Exercise:
Copy, word for word, the lines of the listing below from the line with "Meteoros brilhantes da" up to and including the line with "Ensemble de rasoirs". Drop the pictures.

Input data:

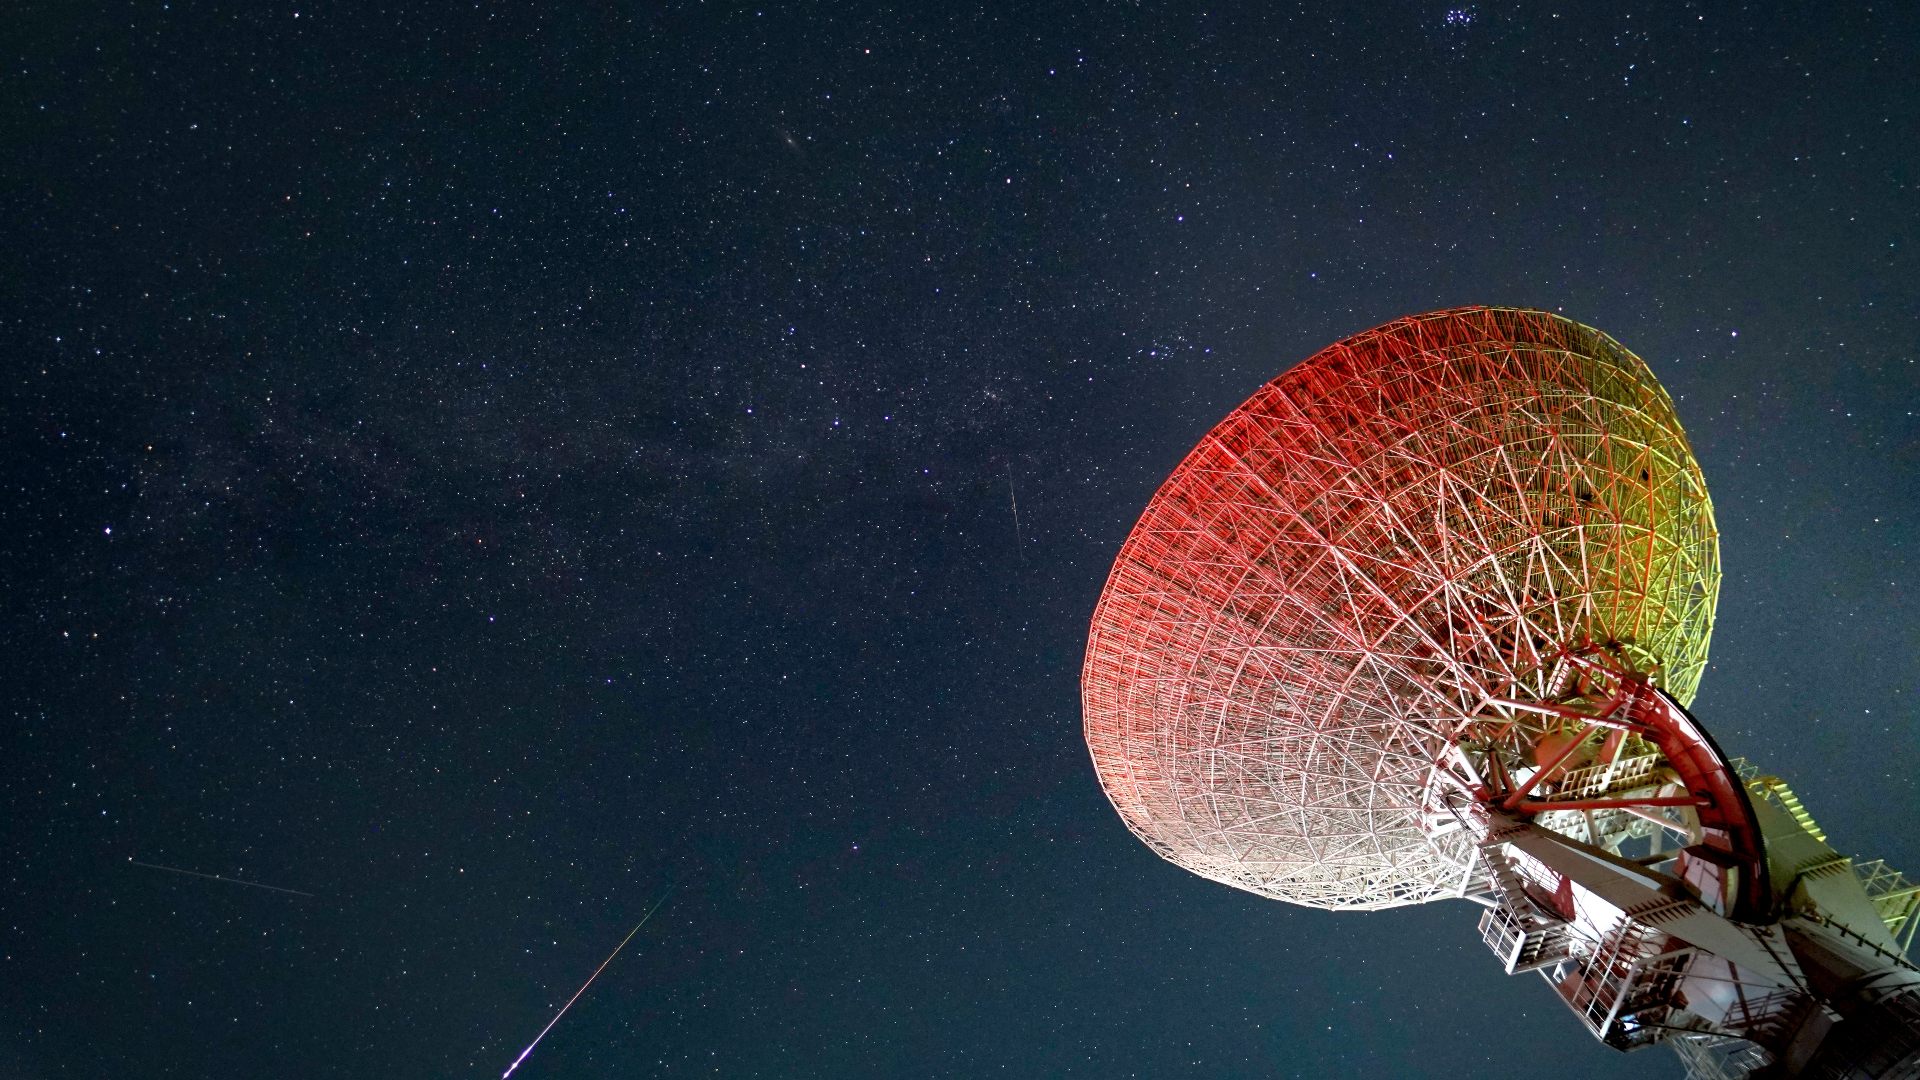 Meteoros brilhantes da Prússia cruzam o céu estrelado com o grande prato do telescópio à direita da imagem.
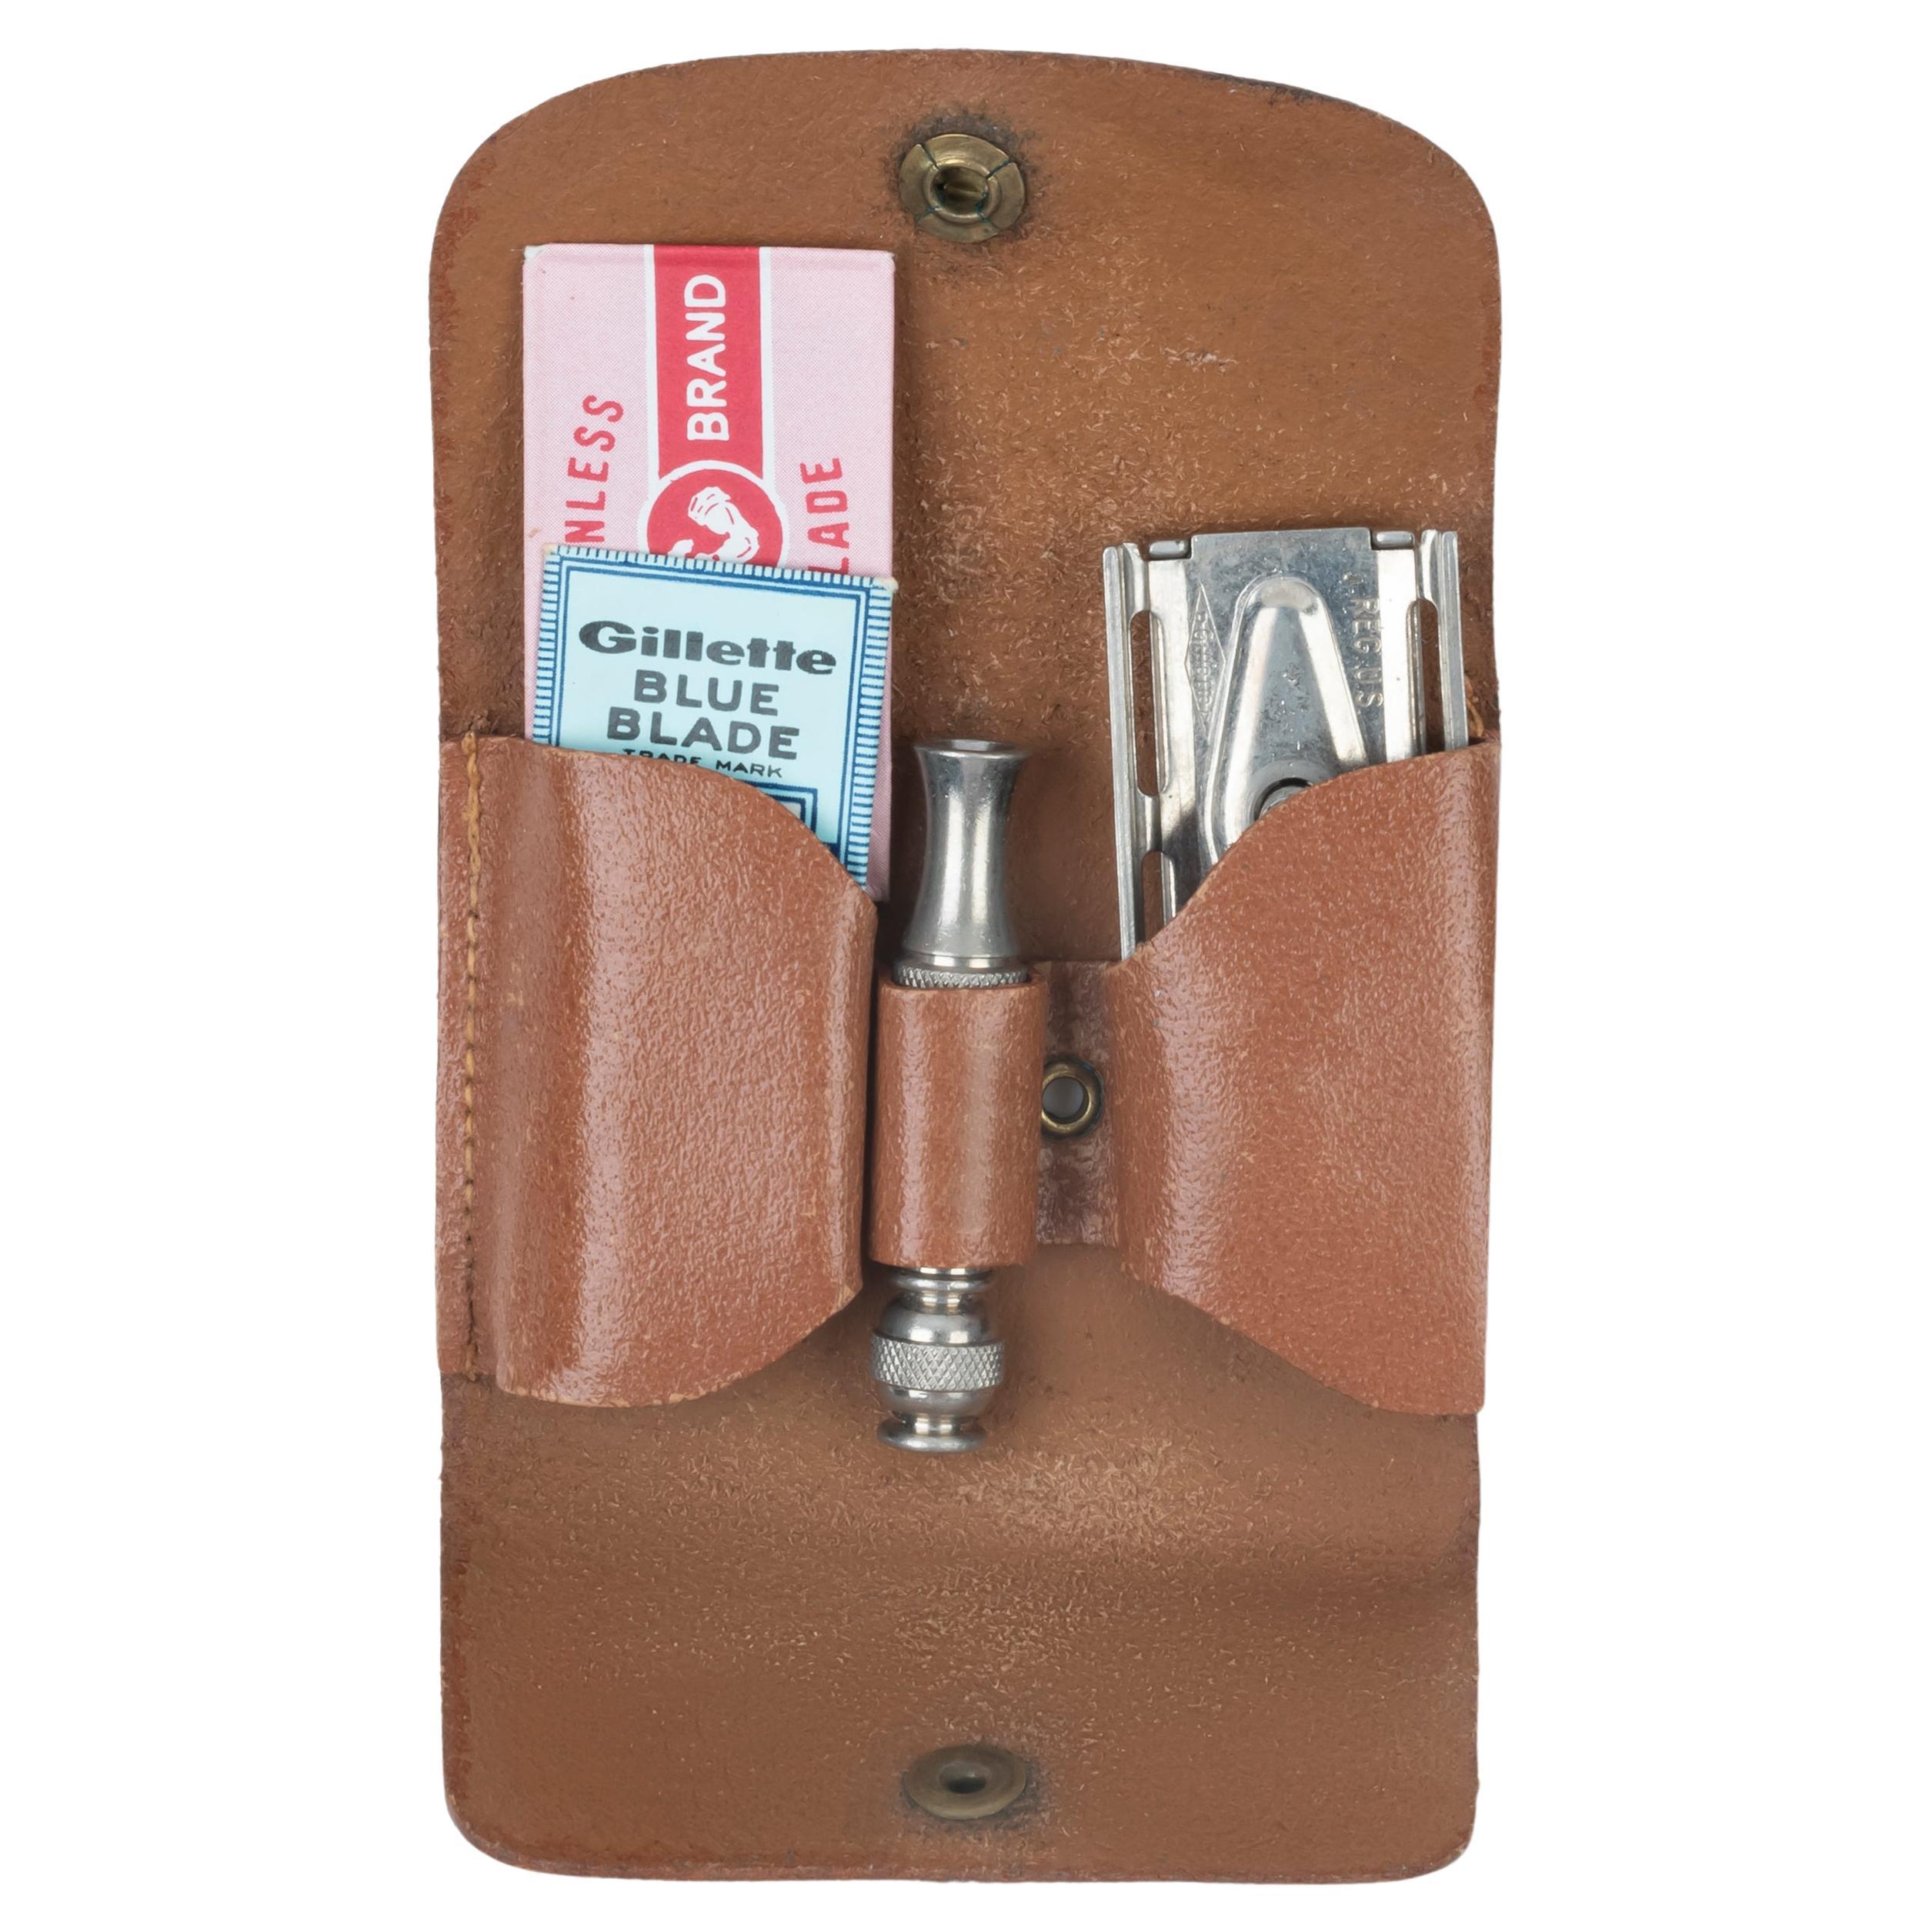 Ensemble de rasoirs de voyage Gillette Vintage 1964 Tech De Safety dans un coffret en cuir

==

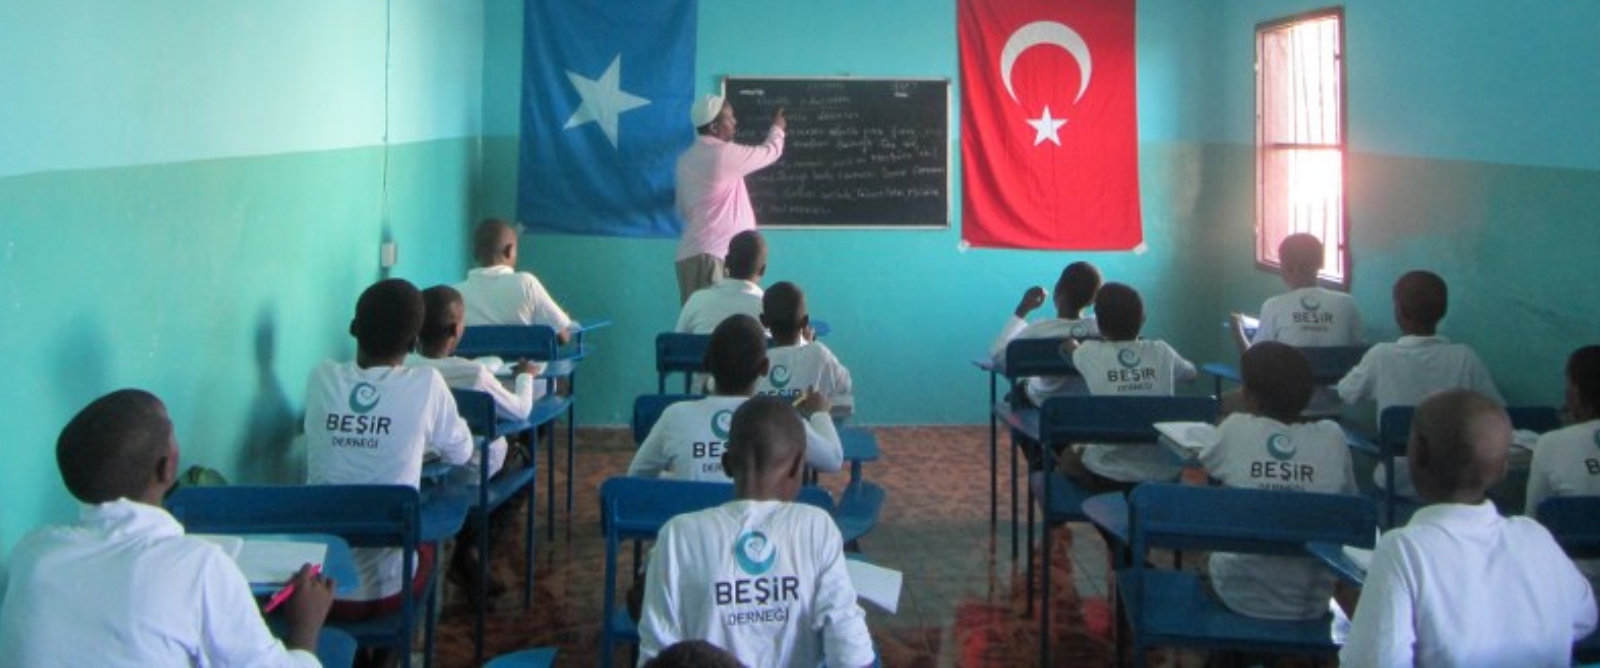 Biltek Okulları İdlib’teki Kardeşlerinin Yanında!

Result for this task:
 Meteoros brilhantes da Prússia cruzam o céu estrelado com o grande prato do telescópio à direita da imagem.
 Ensemble de rasoirs de voyage Gillette Vintage 1964 Tech De Safety dans un coffret en cuir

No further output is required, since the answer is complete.